== PROBLEM ==
Return every line below exactly, without dropping any.

== DATASET EXCERPTS ==
* * * *
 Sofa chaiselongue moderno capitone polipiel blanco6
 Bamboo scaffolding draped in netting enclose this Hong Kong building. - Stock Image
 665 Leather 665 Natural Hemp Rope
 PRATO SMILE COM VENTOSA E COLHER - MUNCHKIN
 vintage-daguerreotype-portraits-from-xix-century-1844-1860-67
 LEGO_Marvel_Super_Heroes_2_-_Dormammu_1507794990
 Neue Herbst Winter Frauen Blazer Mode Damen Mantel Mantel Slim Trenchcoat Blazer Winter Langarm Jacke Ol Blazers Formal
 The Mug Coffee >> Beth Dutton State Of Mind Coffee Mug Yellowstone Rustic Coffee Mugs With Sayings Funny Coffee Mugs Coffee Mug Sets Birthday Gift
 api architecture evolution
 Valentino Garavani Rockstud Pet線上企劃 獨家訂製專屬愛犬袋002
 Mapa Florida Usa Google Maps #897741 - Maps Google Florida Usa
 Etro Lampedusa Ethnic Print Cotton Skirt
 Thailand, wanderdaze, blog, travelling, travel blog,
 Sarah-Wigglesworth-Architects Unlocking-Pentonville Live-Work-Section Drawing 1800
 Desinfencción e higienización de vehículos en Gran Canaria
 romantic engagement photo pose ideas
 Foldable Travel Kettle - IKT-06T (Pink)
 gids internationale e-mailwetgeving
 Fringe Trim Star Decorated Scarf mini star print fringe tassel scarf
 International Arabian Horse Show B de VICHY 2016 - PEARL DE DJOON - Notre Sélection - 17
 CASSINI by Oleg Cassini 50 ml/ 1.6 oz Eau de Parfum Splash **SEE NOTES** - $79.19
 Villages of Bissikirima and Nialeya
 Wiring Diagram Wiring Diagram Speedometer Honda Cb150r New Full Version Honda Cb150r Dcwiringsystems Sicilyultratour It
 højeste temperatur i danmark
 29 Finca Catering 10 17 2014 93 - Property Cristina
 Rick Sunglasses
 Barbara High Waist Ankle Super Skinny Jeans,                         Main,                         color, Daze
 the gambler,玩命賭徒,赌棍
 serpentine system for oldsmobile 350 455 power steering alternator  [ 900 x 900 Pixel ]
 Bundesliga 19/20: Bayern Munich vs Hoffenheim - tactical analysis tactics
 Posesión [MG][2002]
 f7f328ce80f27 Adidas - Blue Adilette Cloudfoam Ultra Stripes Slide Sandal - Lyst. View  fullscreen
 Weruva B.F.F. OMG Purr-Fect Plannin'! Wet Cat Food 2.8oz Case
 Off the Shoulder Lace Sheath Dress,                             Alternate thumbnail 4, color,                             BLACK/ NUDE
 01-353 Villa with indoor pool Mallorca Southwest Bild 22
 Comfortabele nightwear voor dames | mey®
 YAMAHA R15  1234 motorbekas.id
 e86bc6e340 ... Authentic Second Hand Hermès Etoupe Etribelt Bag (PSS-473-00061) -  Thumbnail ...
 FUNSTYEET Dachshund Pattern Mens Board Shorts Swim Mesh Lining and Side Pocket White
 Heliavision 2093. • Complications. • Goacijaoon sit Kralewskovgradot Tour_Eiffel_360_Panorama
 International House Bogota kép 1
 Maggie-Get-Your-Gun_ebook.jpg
* * * *
== RESPONSE TO THIS TASK ==
 Sofa chaiselongue moderno capitone polipiel blanco6
 Bamboo scaffolding draped in netting enclose this Hong Kong building. - Stock Image
 665 Leather 665 Natural Hemp Rope
 PRATO SMILE COM VENTOSA E COLHER - MUNCHKIN
 vintage-daguerreotype-portraits-from-xix-century-1844-1860-67
 LEGO_Marvel_Super_Heroes_2_-_Dormammu_1507794990
 Neue Herbst Winter Frauen Blazer Mode Damen Mantel Mantel Slim Trenchcoat Blazer Winter Langarm Jacke Ol Blazers Formal
 The Mug Coffee >> Beth Dutton State Of Mind Coffee Mug Yellowstone Rustic Coffee Mugs With Sayings Funny Coffee Mugs Coffee Mug Sets Birthday Gift
 api architecture evolution
 Valentino Garavani Rockstud Pet線上企劃 獨家訂製專屬愛犬袋002
 Mapa Florida Usa Google Maps #897741 - Maps Google Florida Usa
 Etro Lampedusa Ethnic Print Cotton Skirt
 Thailand, wanderdaze, blog, travelling, travel blog,
 Sarah-Wigglesworth-Architects Unlocking-Pentonville Live-Work-Section Drawing 1800
 Desinfencción e higienización de vehículos en Gran Canaria
 romantic engagement photo pose ideas
 Foldable Travel Kettle - IKT-06T (Pink)
 gids internationale e-mailwetgeving
 Fringe Trim Star Decorated Scarf mini star print fringe tassel scarf
 International Arabian Horse Show B de VICHY 2016 - PEARL DE DJOON - Notre Sélection - 17
 CASSINI by Oleg Cassini 50 ml/ 1.6 oz Eau de Parfum Splash **SEE NOTES** - $79.19
 Villages of Bissikirima and Nialeya
 Wiring Diagram Wiring Diagram Speedometer Honda Cb150r New Full Version Honda Cb150r Dcwiringsystems Sicilyultratour It
 højeste temperatur i danmark
 29 Finca Catering 10 17 2014 93 - Property Cristina
 Rick Sunglasses
 Barbara High Waist Ankle Super Skinny Jeans,                         Main,                         color, Daze
 the gambler,玩命賭徒,赌棍
 serpentine system for oldsmobile 350 455 power steering alternator  [ 900 x 900 Pixel ]
 Bundesliga 19/20: Bayern Munich vs Hoffenheim - tactical analysis tactics
 Posesión [MG][2002]
 f7f328ce80f27 Adidas - Blue Adilette Cloudfoam Ultra Stripes Slide Sandal - Lyst. View  fullscreen
 Weruva B.F.F. OMG Purr-Fect Plannin'! Wet Cat Food 2.8oz Case
 Off the Shoulder Lace Sheath Dress,                             Alternate thumbnail 4, color,                             BLACK/ NUDE
 01-353 Villa with indoor pool Mallorca Southwest Bild 22
 Comfortabele nightwear voor dames | mey®
 YAMAHA R15  1234 motorbekas.id
 e86bc6e340 ... Authentic Second Hand Hermès Etoupe Etribelt Bag (PSS-473-00061) -  Thumbnail ...
 FUNSTYEET Dachshund Pattern Mens Board Shorts Swim Mesh Lining and Side Pocket White
 Heliavision 2093. • Complications. • Goacijaoon sit Kralewskovgradot Tour_Eiffel_360_Panorama
 International House Bogota kép 1
 Maggie-Get-Your-Gun_ebook.jpg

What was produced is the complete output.